Walter S. Melion of Emory receives Distinguished Scholar Award

Professor Walter S. Melion, the Asa Griggs Candler Professor of Art History, at Emory University in Atlanta received the 2016 Distinguished Scholar Award at the ACHA’s Annual Meeting in Atlanta.


Award Citation

The ACHA 2016 Distinguished Scholar Award is presented to Professor Walter S. Melion, the Asa Griggs Candler Professor of Art History, Emory University, Atlanta, Georgia.

Professor Melion’s work has covered the field of Renaissance and early modern European visual culture broadly. He has demonstrated the links between image and spirituality, between representation and religious meaning. His works address how early modern people understood images and used art to convey profound messages, especially in the field of doctrine and exegesis. Melion has worked on art from across Europe, but especially printed images, showing the links between readers, viewers, and artists. In addition to monographs on Jerónimo Nadal’s Adnotationes et meditationes in Evangelia(2003-2007) and on Scriptural illustration in the 16th-century Low Countries (2009), his books include Shaping the Netherlandish Canon: Karel van Mander’s `Schilder-Boeck’(Chicago: 1991) and The Meditative Art: Studies in the Northern Devotional Print, 1550-1625 (Philadelphia: 2009).  

He has also been the patron of many scholars working in the field of Renaissance and early modern art history, organizing volumes of essays and promoting discussions across disciplinary boundaries.
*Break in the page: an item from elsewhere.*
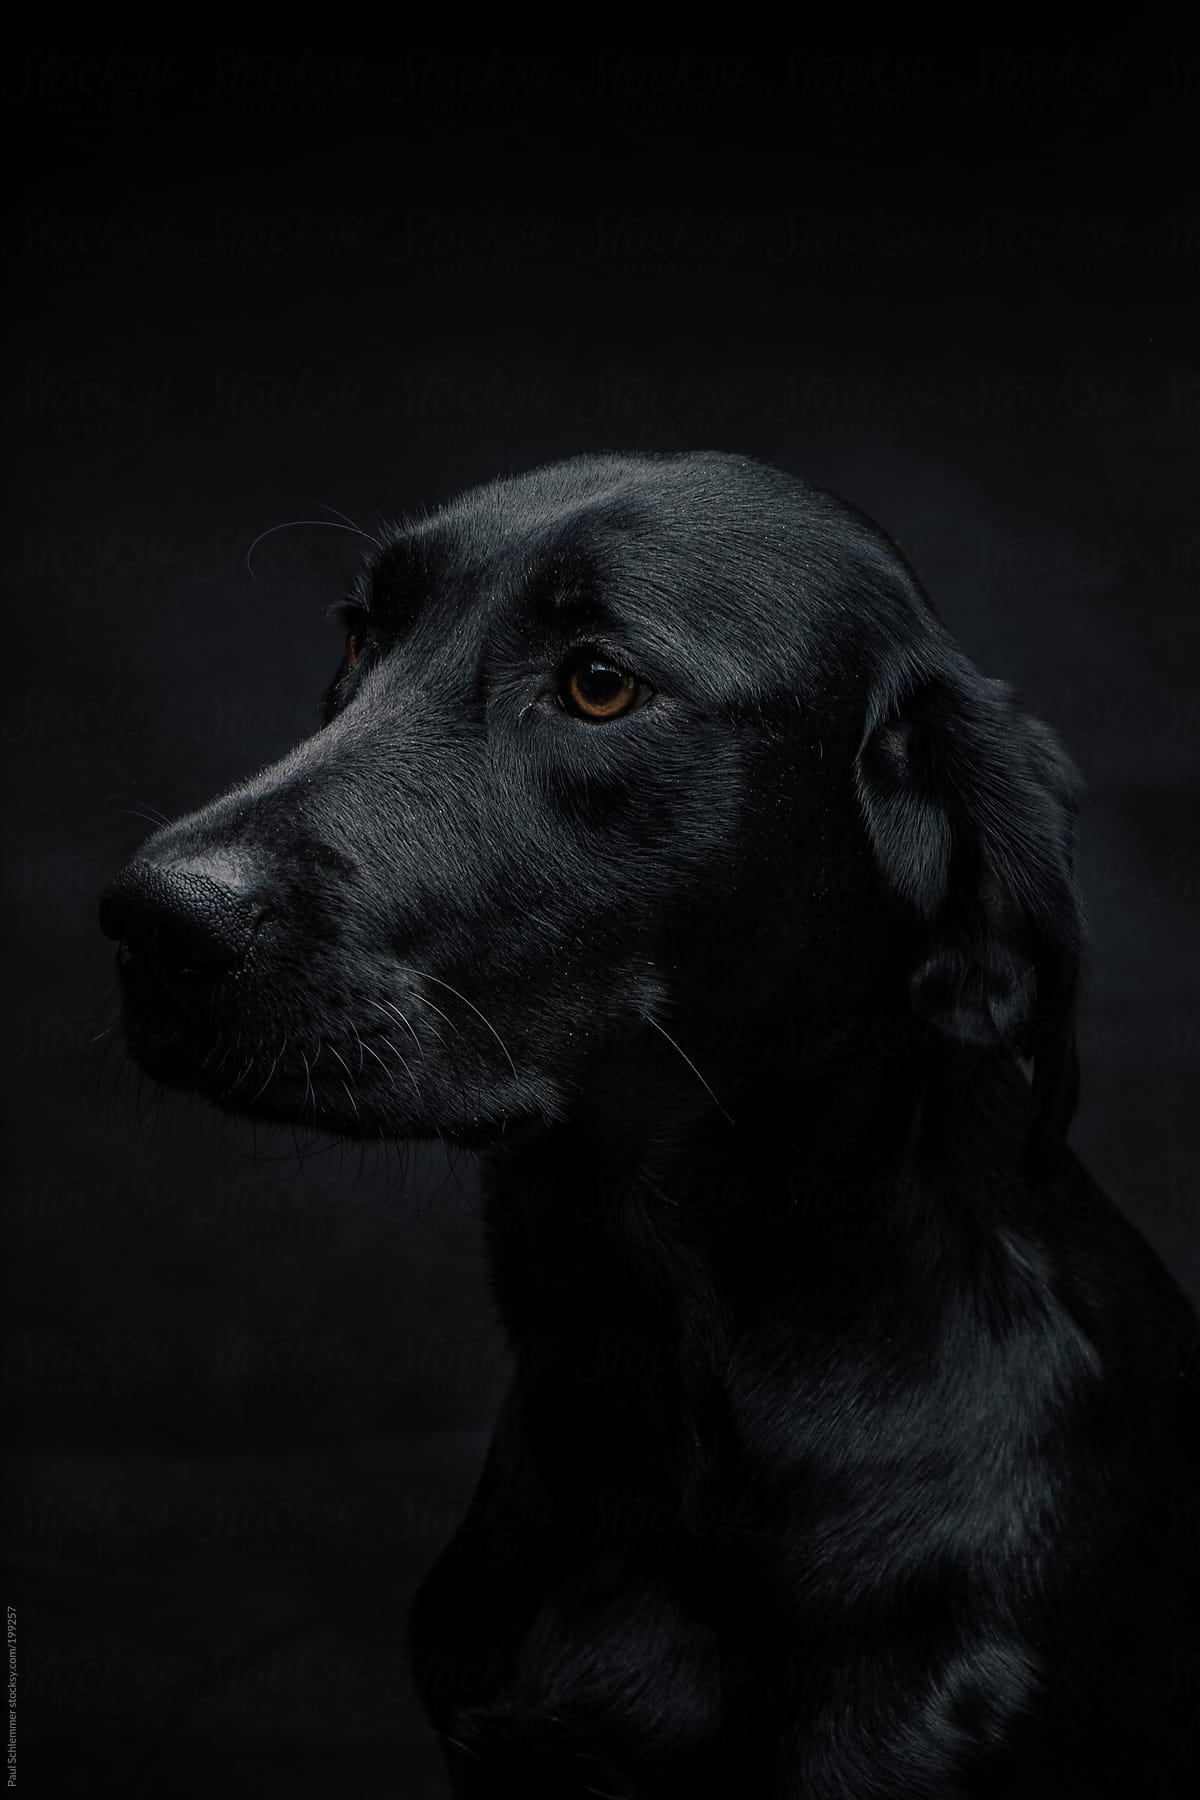 dark portrait of a labrador dog

His work on devotional images has greatly enhanced our understanding of Catholic culture in the period of the Counter-Reformation and the Catholic Reformation, and has inspired a new generation of scholars to reconsider Catholic artistic culture at both elite and popular levels.  In 2010 he was elected Foreign Member of the Royal Netherlands Academy of Arts and Sciences.  

For his contribution to the scholarly pursuit in Catholic research and writing, Walter S. Melion is awarded the 2016 AMERICAN CATHOLIC HISTORICAL ASSOCIATION’s Distinguished Scholar Award.